Question

How do you find the limit of $ \dfrac{{2 - {e^x}}}{{2 + 3{e^x}}} $ as $ x $ approaches to infinity?

Answer 1

Hint: In order to determine the limit of the above function, replace all the $ {e^x} $ with $ {e^{ - x}} $ in the expression by multiplying and dividing the limit with $ {e^{ - x}} $ in order to obtain a consistent result as when $ x \to \infty $ then $ {e^{ - x}} \to 0 $ . With the use of exponent law , simplify the limit and put the result $ {e^{ - x}} \to 0 $ when $ x \to \infty $ to obtain the required result.

Complete step by step solution:
We are given a exponential function in variable $ x $ i.e. $ \dfrac{{2 - {e^x}}}{{2 + 3{e^x}}} $ having limit $ x \to \infty $ .
 $ \mathop {\lim }\limits_{x \to \infty } \dfrac{{2 - {e^x}}}{{2 + 3{e^x}}} $
To better understand and calculate the limits of the above expression, let's look into the graph of the $ y = \dfrac{{2 - {e^x}}}{{2 + 3{e^x}}} $ .

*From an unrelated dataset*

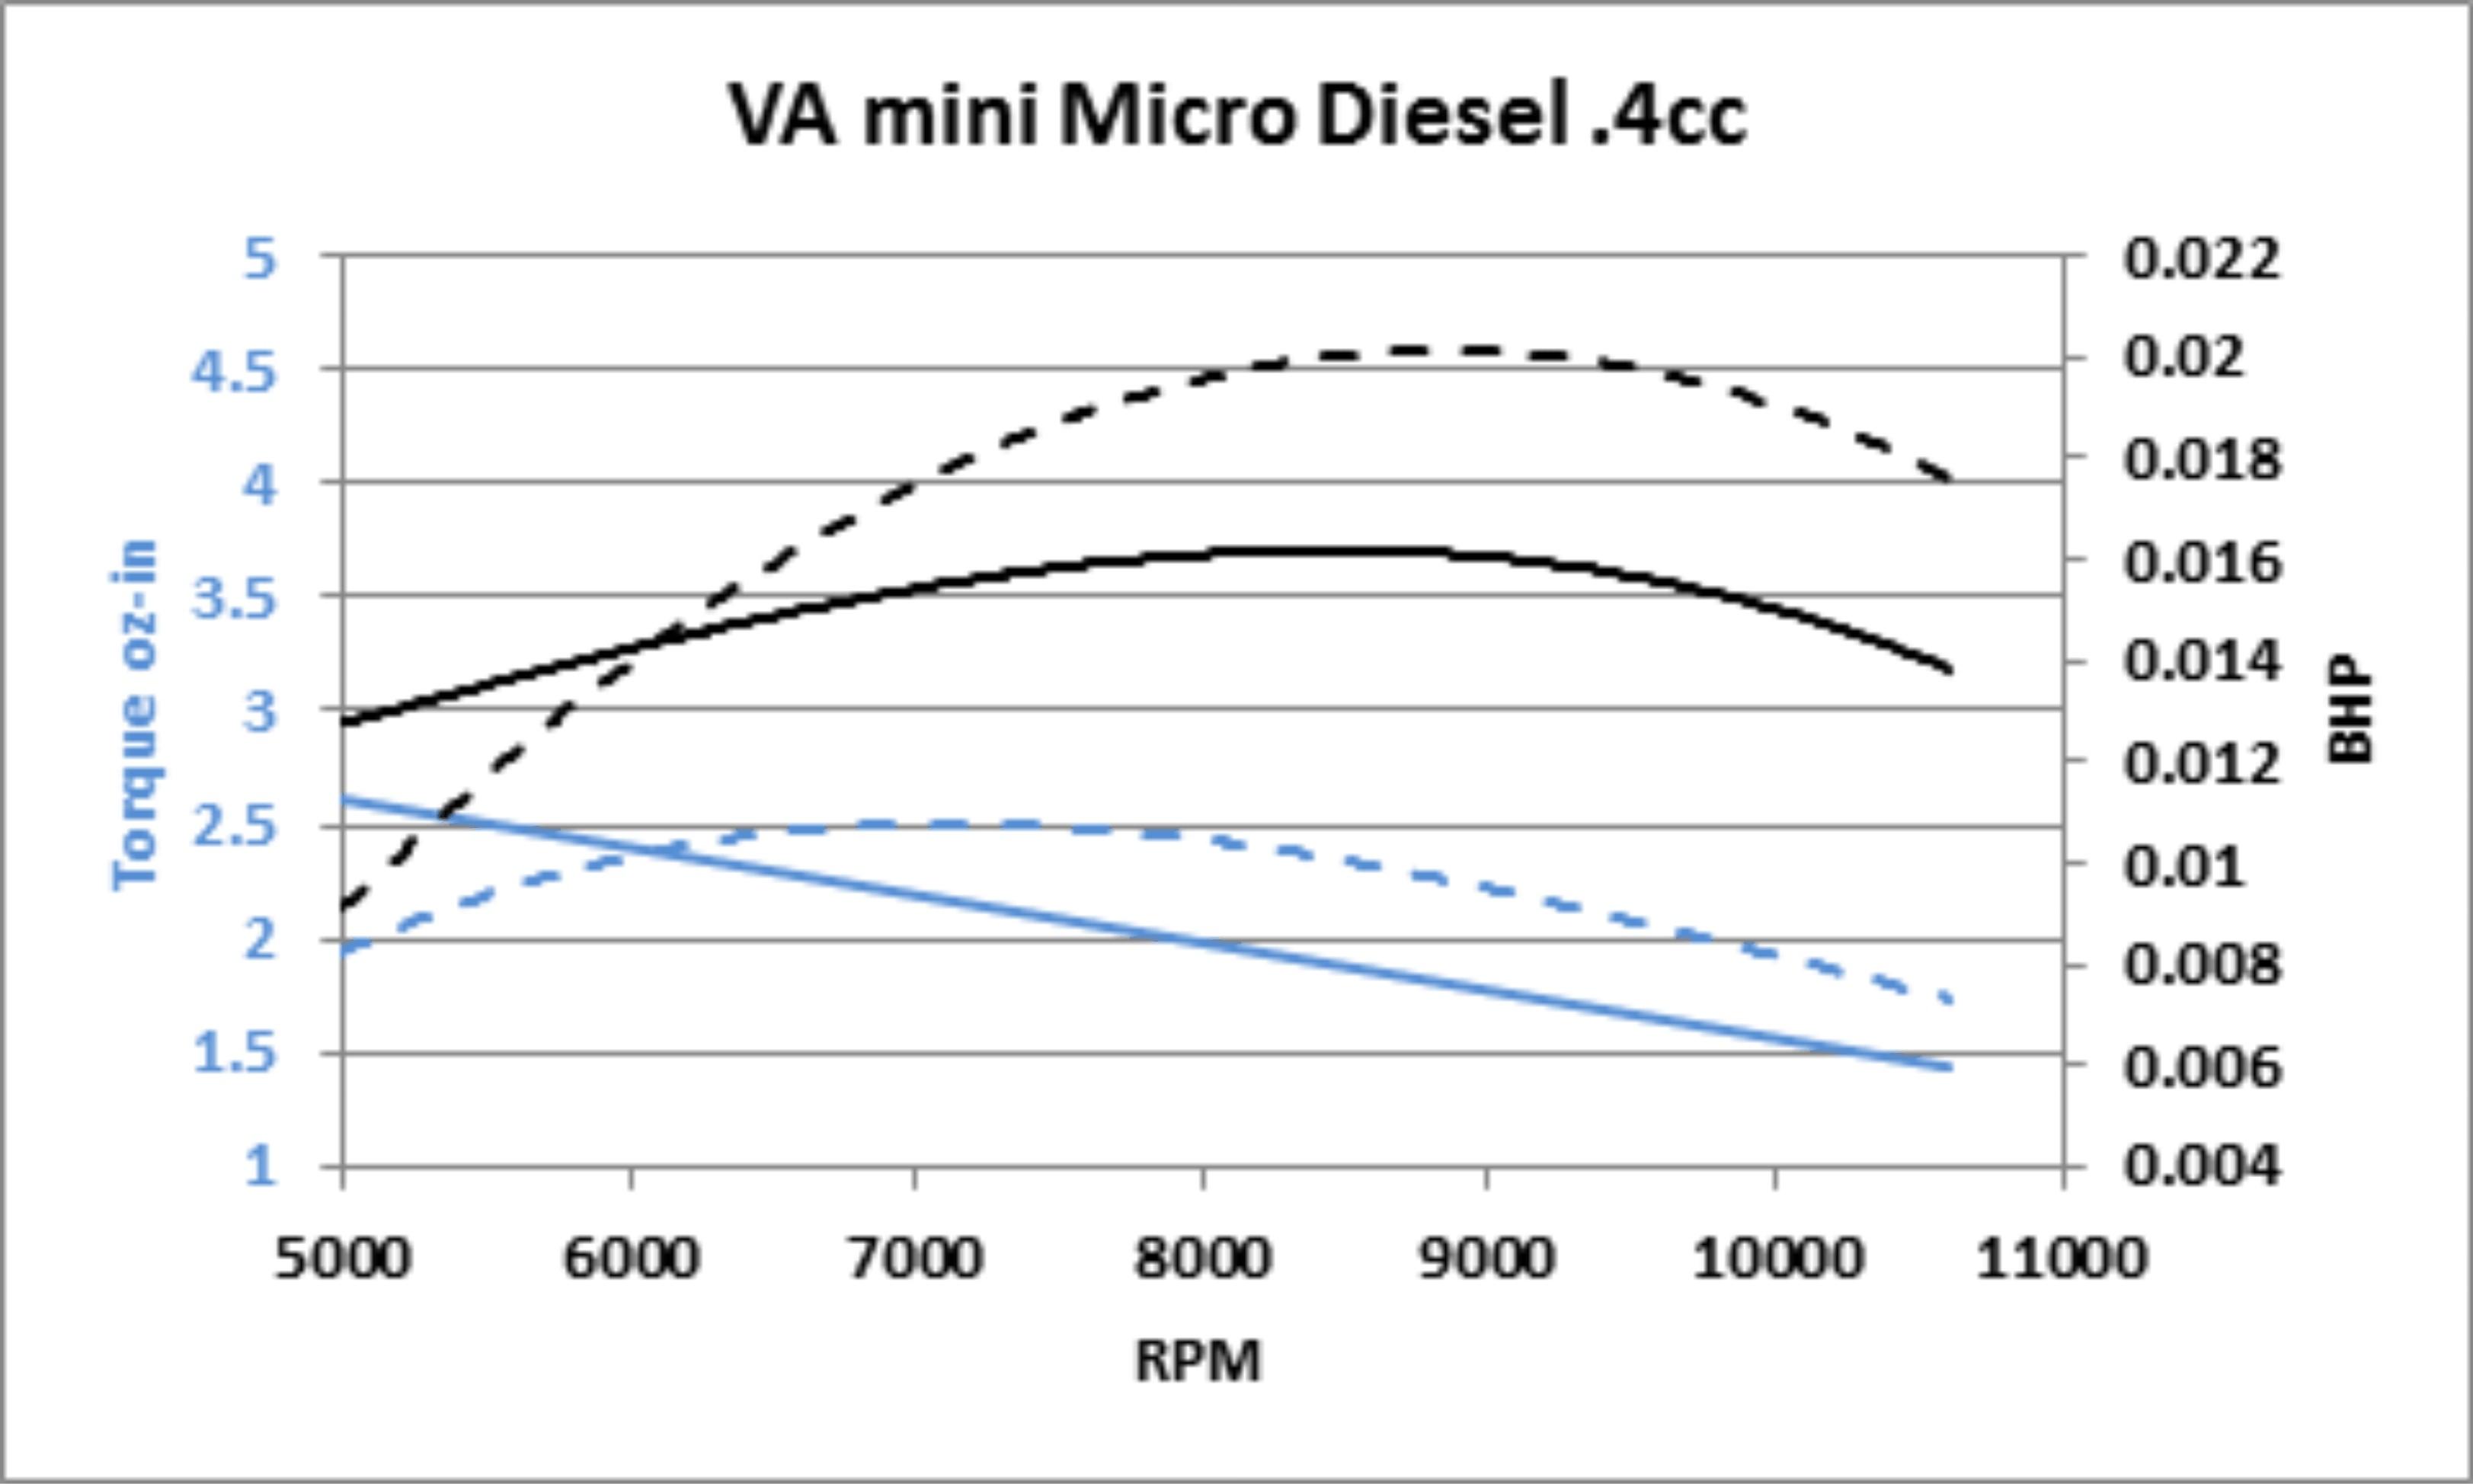 Port Timing Diagram Of Two Stroke Engine Adriansmodelaeroengines Va Mini Micro Diesel Of Port Timing Diagram Of Two Stroke Engine

As we can clearly see that the if the limit for $ x \to \infty $, then $ {e^x} \to \infty $ which will make the function inconsistent but one the other side we can see is $ x \to \infty $ then $ {e^{ - x}} \to 0 $
So it's better to replace the $ {e^x} $ with $ {e^{ - x}} $ in the expression to get the result of the limit completely in the consistent form.
And to do so , we will be multiplying and dividing the limit expression with $ {e^{ - x}} $ , rewriting the limit function as
\[
  \mathop {\lim }\limits_{x \to \infty } \dfrac{{2 - {e^x}}}{{2 + 3{e^x}}} = \mathop {\lim }\limits_{x \to \infty } \dfrac{{2 - {e^x}}}{{2 + 3{e^x}}} \times \dfrac{{{e^{ - x}}}}{{{e^{ - x}}}} \\
  \therefore \mathop {\lim }\limits_{x \to \infty } \dfrac{{2 - {e^x}}}{{2 + 3{e^x}}} = \mathop {\lim }\limits_{x \to \infty } \dfrac{{{e^{ - x}}\left( {2 - {e^x}} \right)}}{{{e^{ - x}}\left( {2 + 3{e^x}} \right)}} \;
 \]
Using the distributive law of multiplication to expand and multiply the terms as $ A\left( {B + C} \right) = AB + AC $ , we can rewrite the limit as
 \[\mathop {\lim }\limits_{x \to \infty } \dfrac{{2 - {e^x}}}{{2 + 3{e^x}}} = \mathop {\lim }\limits_{x \to \infty } \dfrac{{2{e^{ - x}} - {e^{ - x}}.{e^x}}}{{2{e^{ - x}} + 3{e^{ - x}}.{e^x}}}\]
Using the exponent law to simplify the above expression as $ {a^m} \times {a^n} = {a^{m + n}} $ . We get
\[\mathop {\lim }\limits_{x \to \infty } \dfrac{{2 - {e^x}}}{{2 + 3{e^x}}} = \mathop {\lim }\limits_{x \to \infty } \dfrac{{2{e^{ - x}} - 1}}{{2{e^{ - x}} + 3}}\]
Now using the result $ {e^x} \to 0 $ as $ x \to \infty $ , we have
\[
  \mathop {\lim }\limits_{x \to \infty } \dfrac{{2 - {e^x}}}{{2 + 3{e^x}}} = \mathop {\lim }\limits_{x \to \infty } \dfrac{{2\left( 0 \right) - 1}}{{2\left( 0 \right) + 3}} \\
  \therefore \mathop {\lim }\limits_{x \to \infty } \dfrac{{2 - {e^x}}}{{2 + 3{e^x}}} = - \dfrac{1}{3} \;
 \]
Hence the above result is completely inconsistent.
Therefore the limit of $ \dfrac{{2 - {e^x}}}{{2 + 3{e^x}}} $ as $ x \to \infty $ is equal to \[ - \dfrac{1}{3}\].
So, the correct answer is “ \[ - \dfrac{1}{3}\]”.

Note: 1. Don’t forget to cross-check your answer.
2.After putting the Limit the result should never in the indeterminate form $ \dfrac{0}{0}\,or\,\dfrac{{ \pm \infty }}{{ \pm \infty }} $ . If it is contained, apply some operation to modify the result or use the L-Hospitals rule .
3. $ e $ is the exponential constant having value equal to $ 2.71828 $
4.Avoid any step jump in such types of questions as this might increase the chances of mistakes.
5. While expanding the terms, use the proper sign with the terms.